------ Source material ------

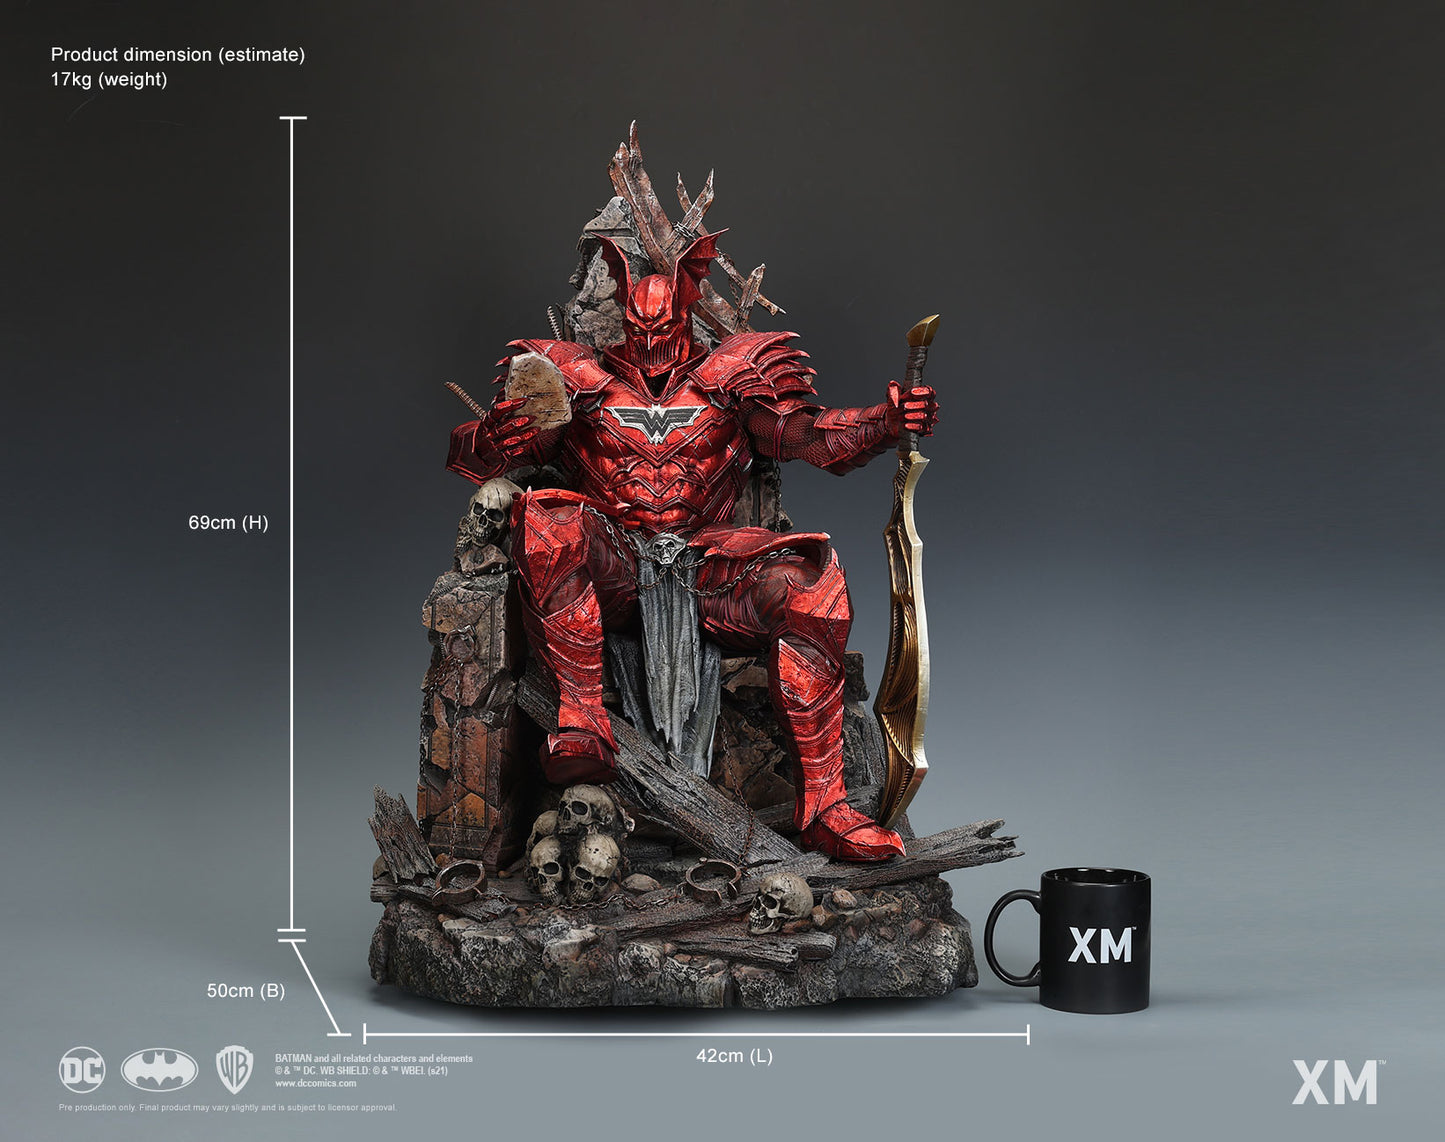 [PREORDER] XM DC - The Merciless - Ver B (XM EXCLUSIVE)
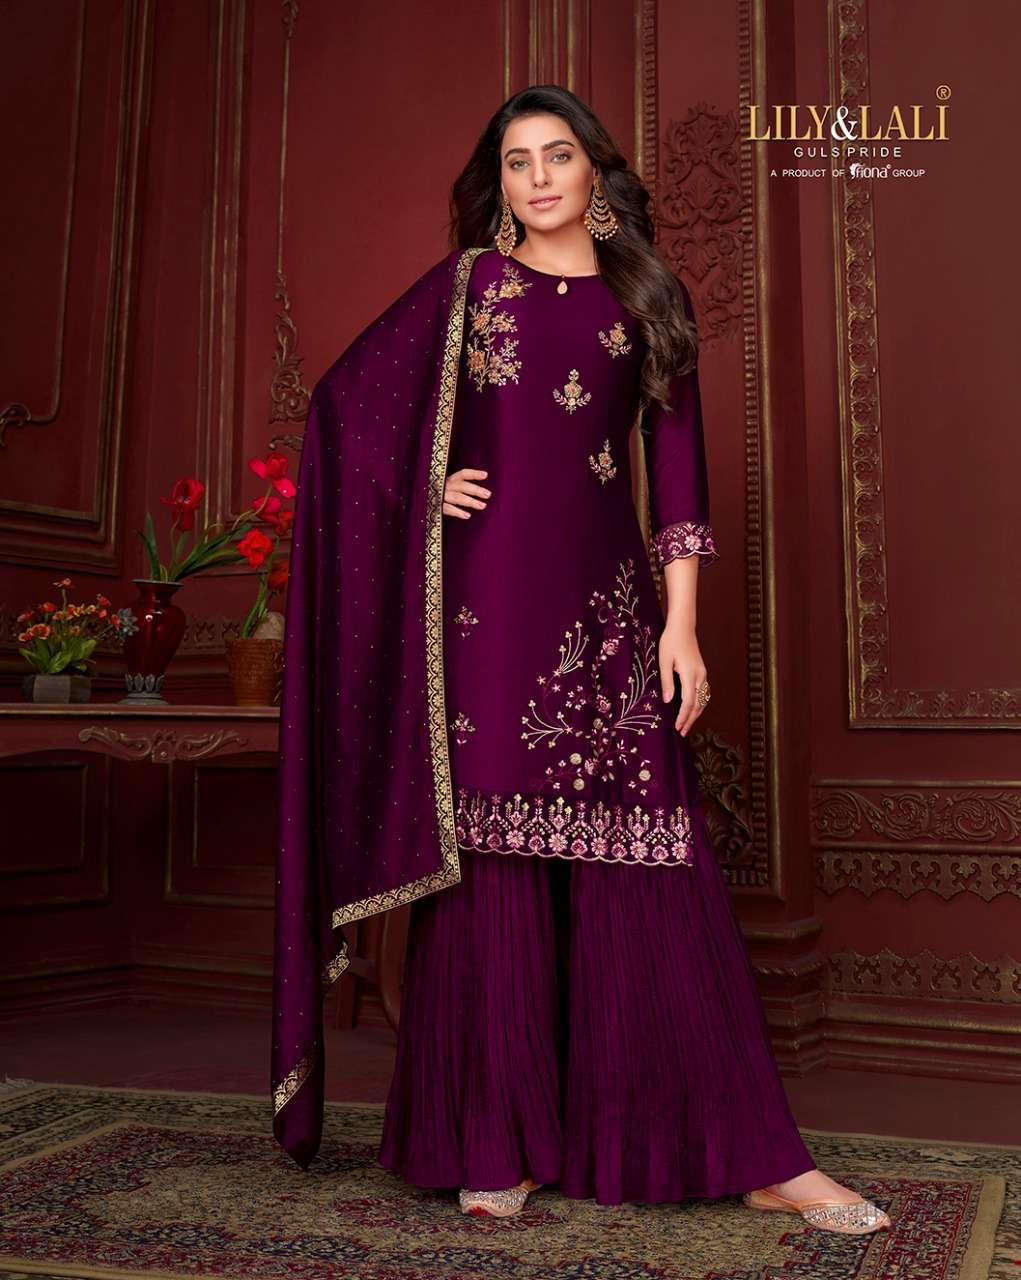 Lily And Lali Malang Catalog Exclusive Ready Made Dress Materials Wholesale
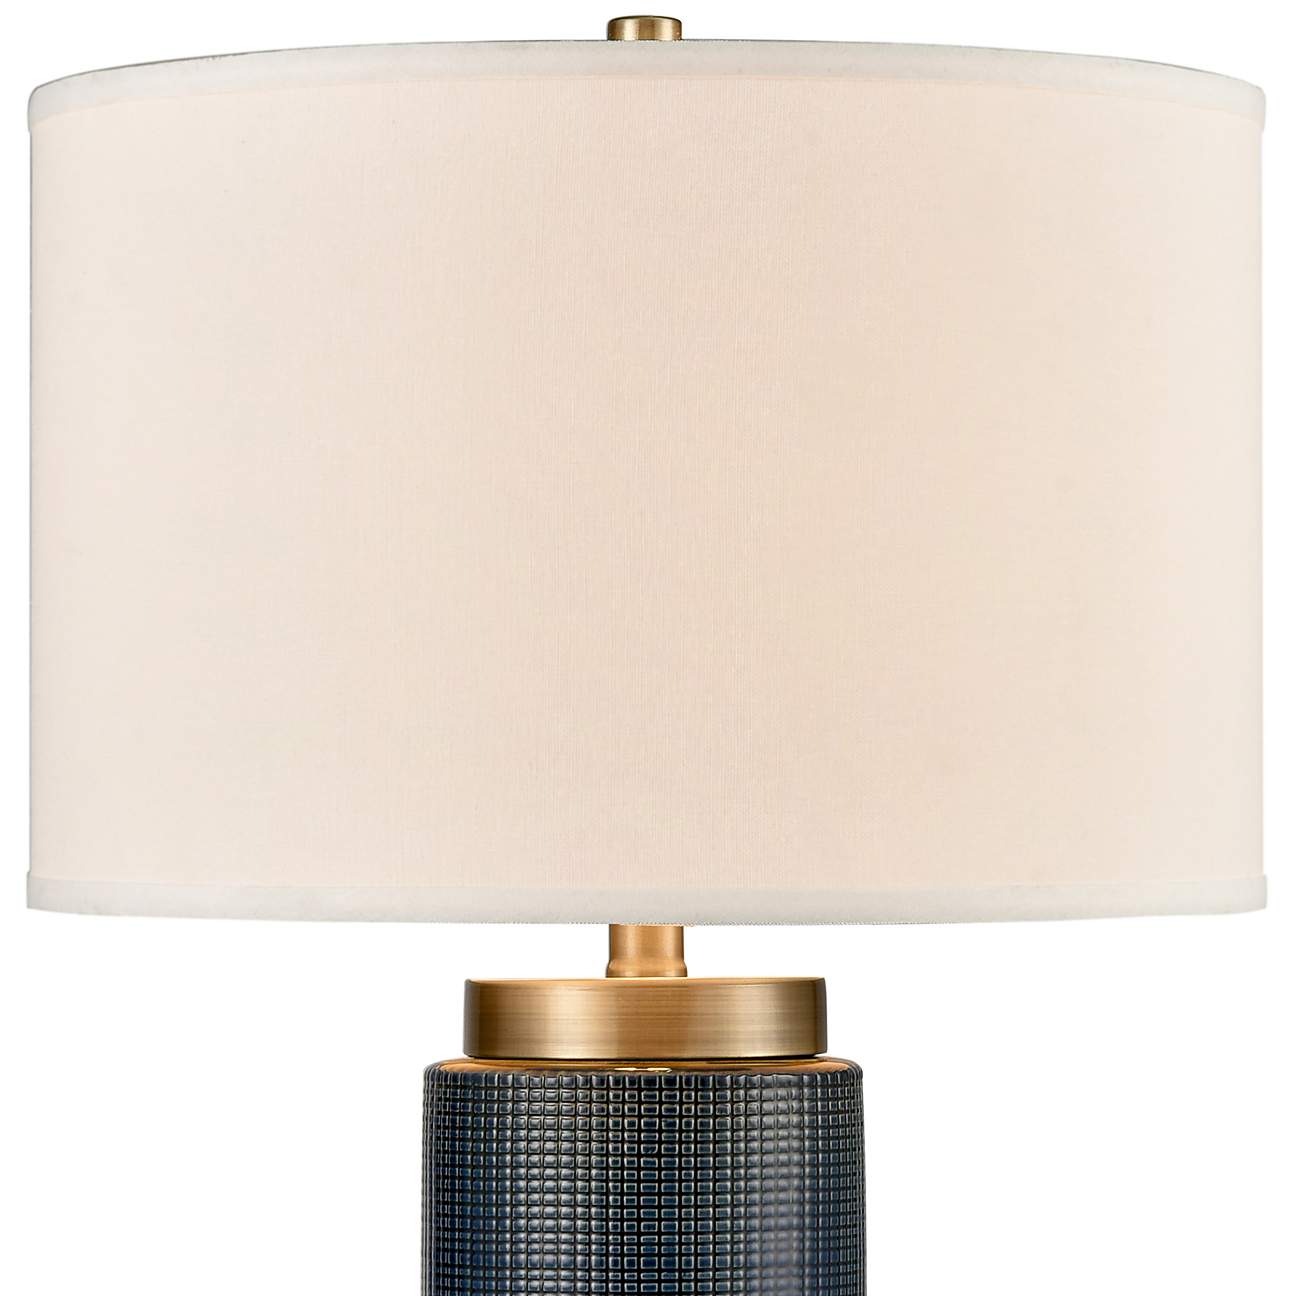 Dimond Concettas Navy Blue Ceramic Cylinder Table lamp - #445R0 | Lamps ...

------

▸ **Task item**
Once the pictures are set aside, repeat the data above exactly as written.

▸ **Response below**
 [PREORDER] XM DC - The Merciless - Ver B (XM EXCLUSIVE)
 Lily And Lali Malang Catalog Exclusive Ready Made Dress Materials Wholesale
 Dimond Concettas Navy Blue Ceramic Cylinder Table lamp - #445R0 | Lamps ...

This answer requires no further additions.